Recurrent Pregnancy Loss (RPL) is defined as when a woman experiences three or more consecutive pregnancy losses before 20 weeks of gestation. According to the study, around 1-2% of couples experience RPL, but the reasons for it vary. Most of the time, it is the result of chromosomal or genetic abnormalities and are random events. Sometimes one of the parents might have an irregularity in their genes-- which would be more pronounced in the offspring and ends in a miscarriage. With women starting families later in life, the chance for miscarriage increases as well-- and sometimes it can be due to the age of the woman and her poorer egg quality.

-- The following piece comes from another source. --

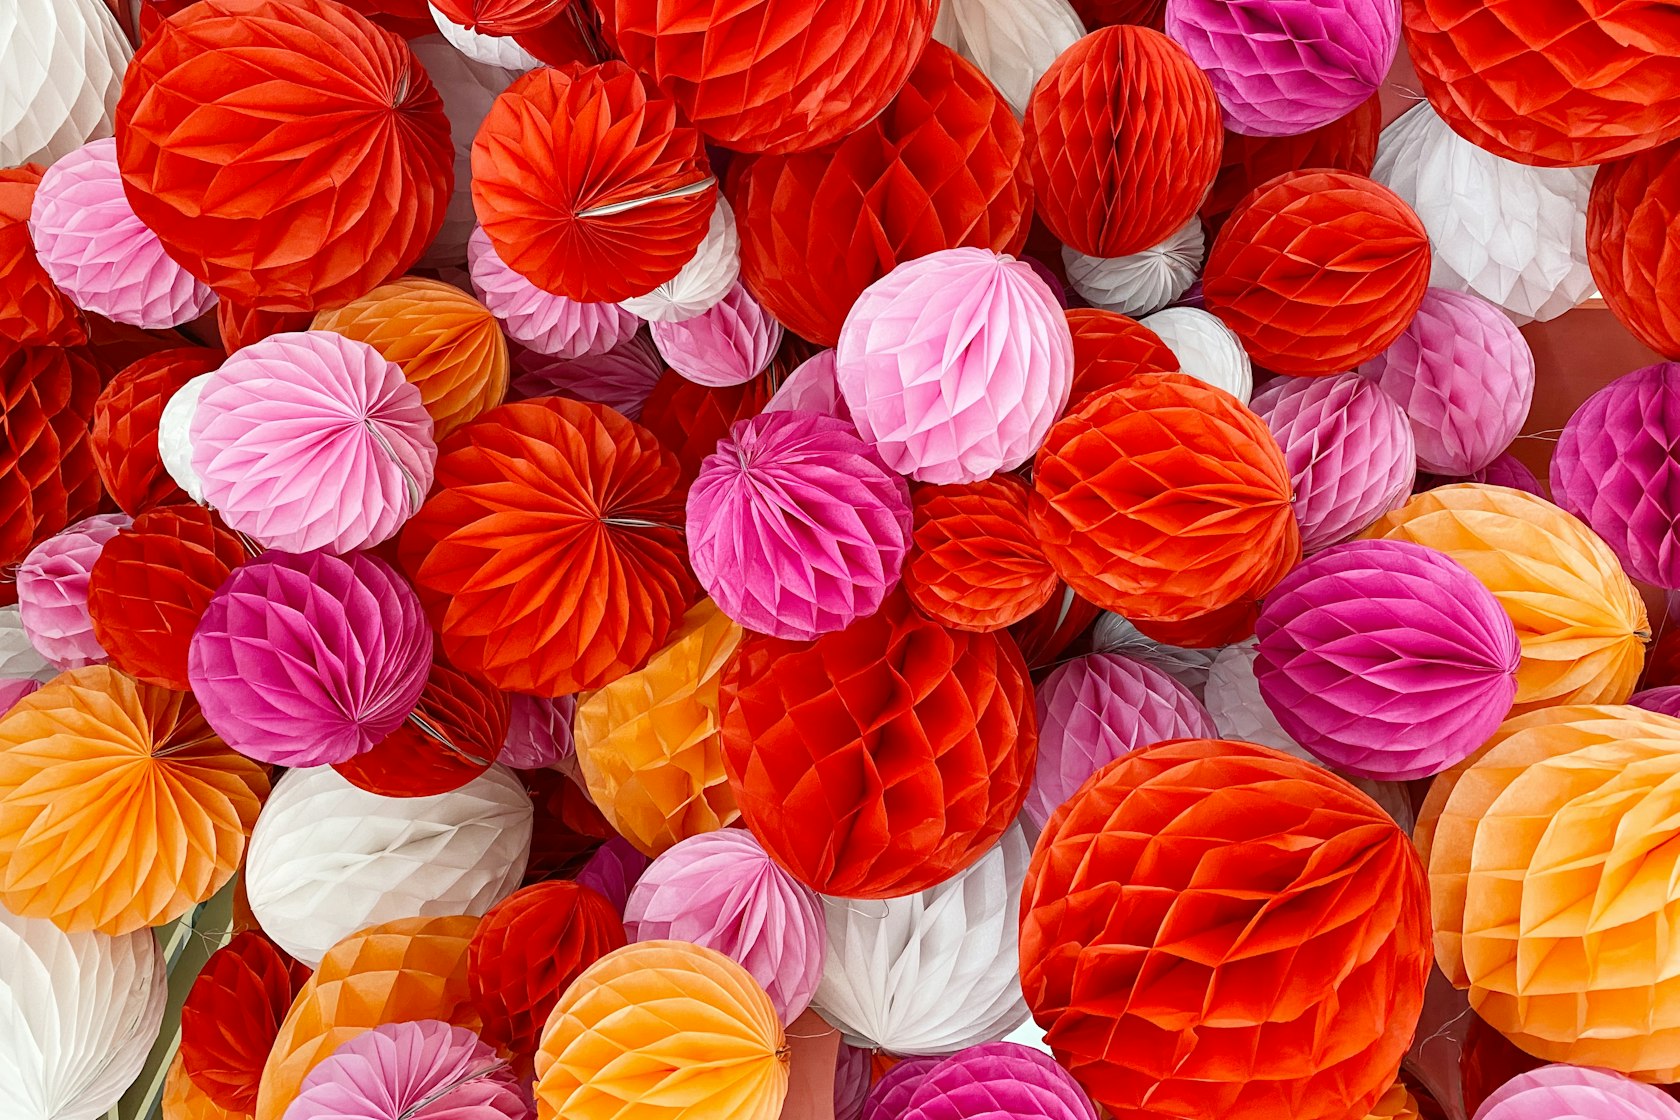 Multicolored,Paper,Pom-poms,Or,Honeycomb,Paper,Balls,For,The,Holiday

Tests are always done to find out why a woman is experiencing RPL-- these are detailed analyses of the medical and genetic history of the parents and can include a karyotype analysis. This is the chromosomal makeup of a person and is used to determine if there are genetic abnormalities present. Tests of the uterus are conducted, as well as a hormone evaluation and ovarian function. However, sometimes these tests do not offer conclusive evidence for why RPL is occuring.
Could Sperm DNA be to Blame?
While women undergo extensive testing to determine a cause for their RPL, often men are not even tested at all. This may seem strange since scientists know that sperm play an important role in the development of the placenta-- which is vital for the unborn baby. This study was conducted to determine if the male partners of women experiencing RPL may have an increased chance of higher sperm damage. They examined 50 healthy men whose partners did not experience RPL, and compared them to 63 men whose partners did experience this.

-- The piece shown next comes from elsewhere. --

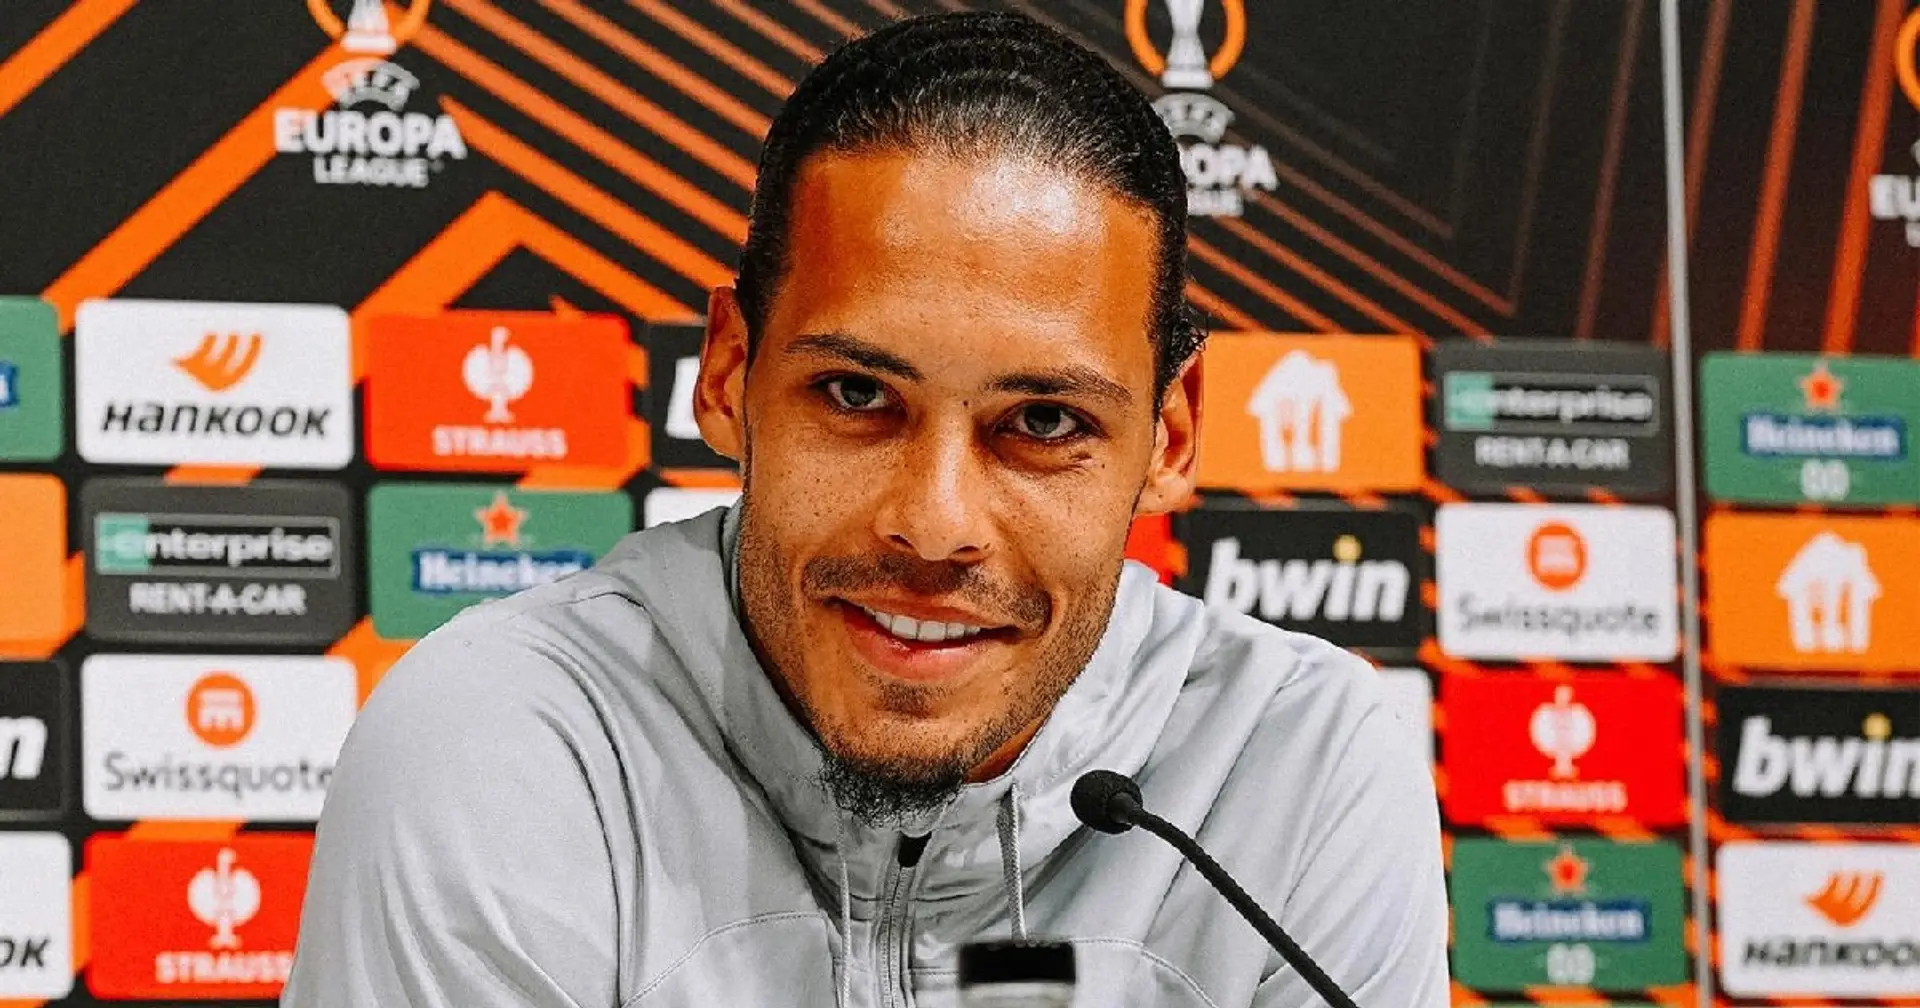 'Twists and turns can happen': Van Dijk on whether Liverpool are favourites to win Europa League

After measuring levels of testosterone, sperm quantity and quality, and other molecular tests, the researchers found that the men who were experiencing RPL with their partners had twice as much sperm damage than the men whose partners were not experiencing RPL. They specifically observed the level of a chemical entity called reactive oxygen species in the men with partners experiencing miscarriages-- and observed that a much higher level of this particular chemical was present in these men.
Miscarriages happen for many reasons, but one of those reasons might be quality of sperm in a woman’s partner. It seems that since sperm DNA damage can affect fertility, it might be worthwhile to begin regularly testing men when their partners are affected by RPL.